Quels sont, selon vous, les principaux défis auxquels l'industrie du luxe devra faire face dans les années à venir, notamment en termes de développement durable et de responsabilité sociale ?

Le principal défi sera certainement de prendre en compte la pénurie de certaines matières premières et de respecter le rythme auquel la planète peut fournir les ressources. La rareté, voire même la disparition de certains composants doit avant tout nous forcer à remettre en question nos modes de fonctionnement et pousser notre créativité.

Plus que jamais, l’industrie du luxe doit se distinguer par son mode de consommation et sa relation au temps qui la caractérise. Un produit de luxe s’inscrit dans le temps long : sa conception, sa fabrication, son acheminement et son utilisation sont des étapes importantes pour l’obtenir. La désirabilité n’est jamais aussi grande que lorsque la rareté impose une attente pour obtenir ce que l’on souhaite. Dans la culture actuelle de l’immédiateté, cette valeur semble un peu désuète. Il me semble cohérent de la remettre en avant pour valoriser toute la sophistication recherchée dans le monde du luxe.

L'artisanat et les savoir-faire traditionnels jouent un rôle central dans votre travail. Comment voyez-vous l'avenir de ces métiers face aux avancées technologiques et à la mondialisation ?

Le principal défi est de susciter des vocations auprès des jeunes générations pour transmettre les savoir- faire stratégiques de ces métiers artisanaux qui sont, avant tout, des métiers de passion.

La technologie vient au service de l’artisan pour concentrer le savoir-faire sur la partie la plus noble du métier. Elle doit aussi permettre d’ouvrir le champ des possibles pour favoriser la créativité.

La mondialisation ne représente pas un véritable risque. Au contraire, elle offre l’opportunité de s’enrichir en découvrant les trésors culturels de chaque zone géographique dans le domaine de l’artisanat, de rapprocher les maîtres et les experts dans leurs domaines.

Grâce aux nouvelles technologies, l’artisan n’est plus véritablement solitaire. Chaque atelier a potentiellement une fenêtre ouverte sur le reste du monde.

Quels conseils donneriez-vous aux jeunes (ou moins jeunes !) professionnels qui souhaitent se lancer dans l'industrie du luxe ou dans des initiatives comme Les MétamorFoses ?

Le principal conseil est d’être curieux et de rester humble.

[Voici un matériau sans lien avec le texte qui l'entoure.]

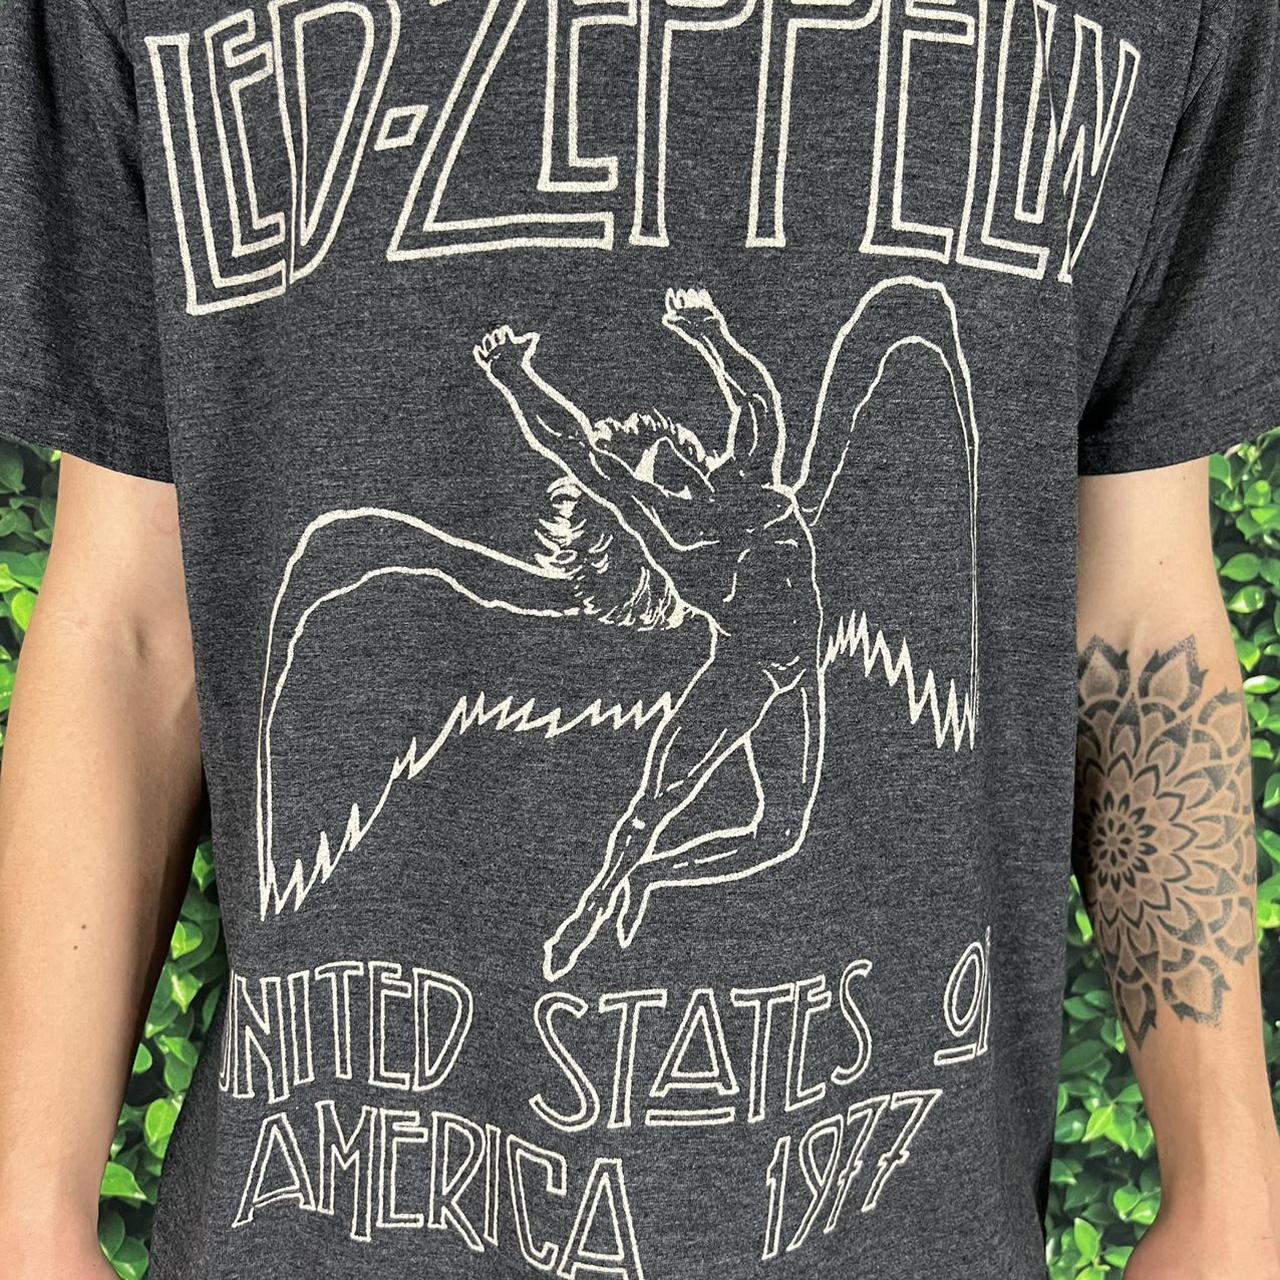 Product Image 3 - Led Zeppelin United States of
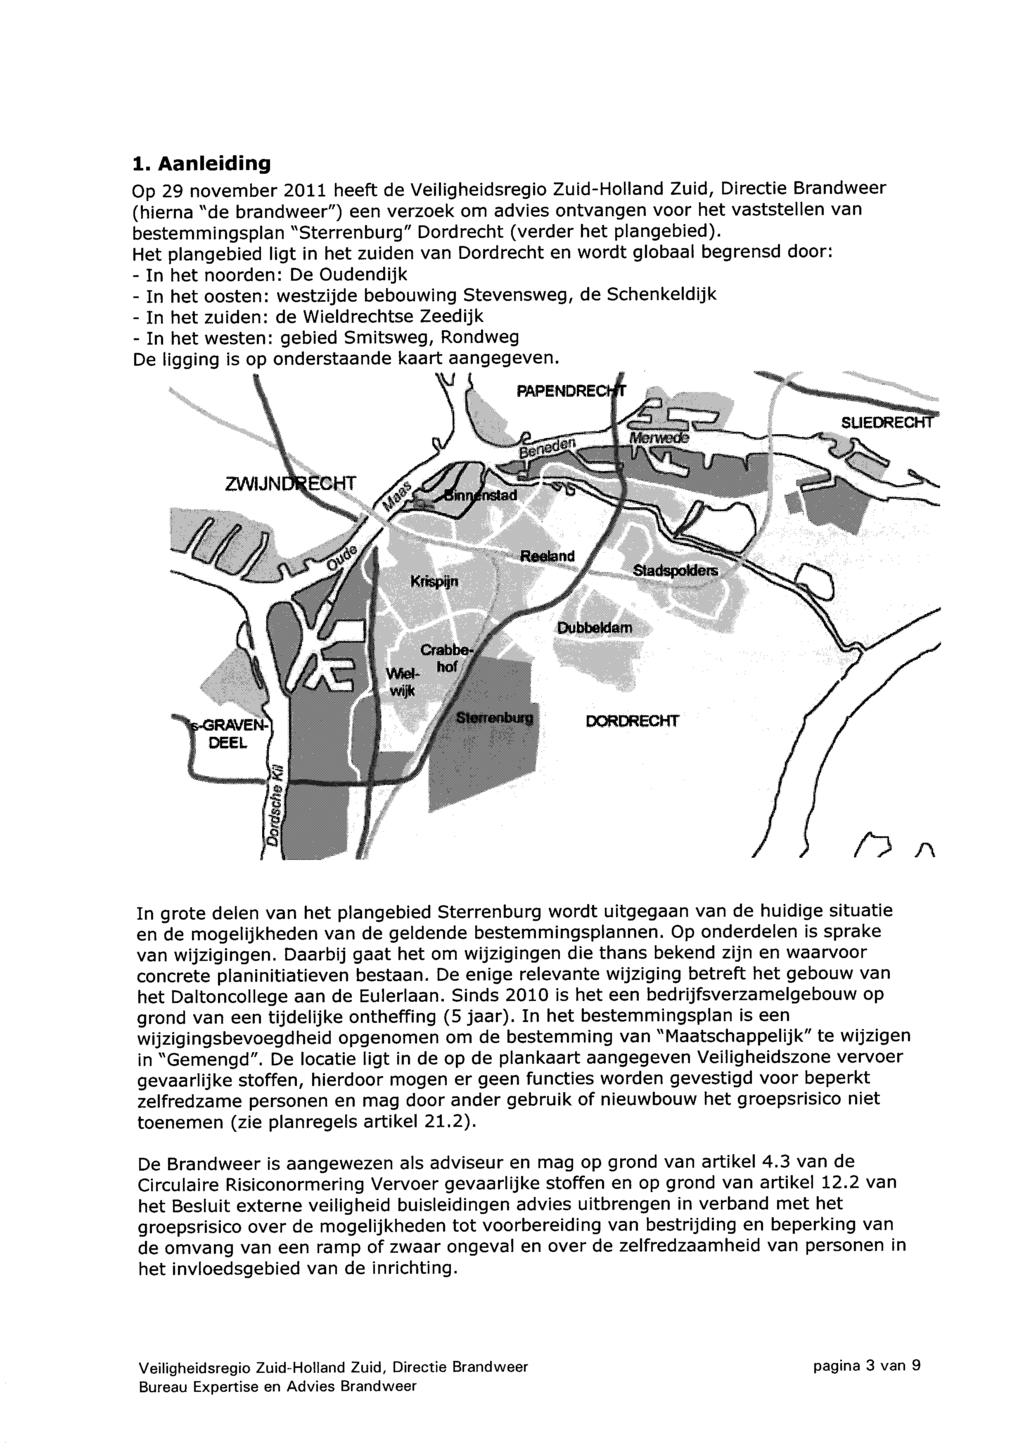 1. Aanleiding Op 29 november 2011 heeft de Veiligheidsregio Zuid-Holland Zuid, Directie Brandweer (hierna ''de brandweer") een verzoek om advies ontvangen voor het vaststellen van bestemmingsplan

Et enfin, plus personnellement, si vous étiez…

Une matière : le cuir d’agneau, pour sa sensualité

Un souvenir : ma première étoile filante, au temple de Philae

Un plat : le poulet basquaise, que je cuisine « à ma manière » pour mes enfants

Un livre de chevet : « La première gorgée de bière et autres plaisirs minuscules » de Philippe Delerm.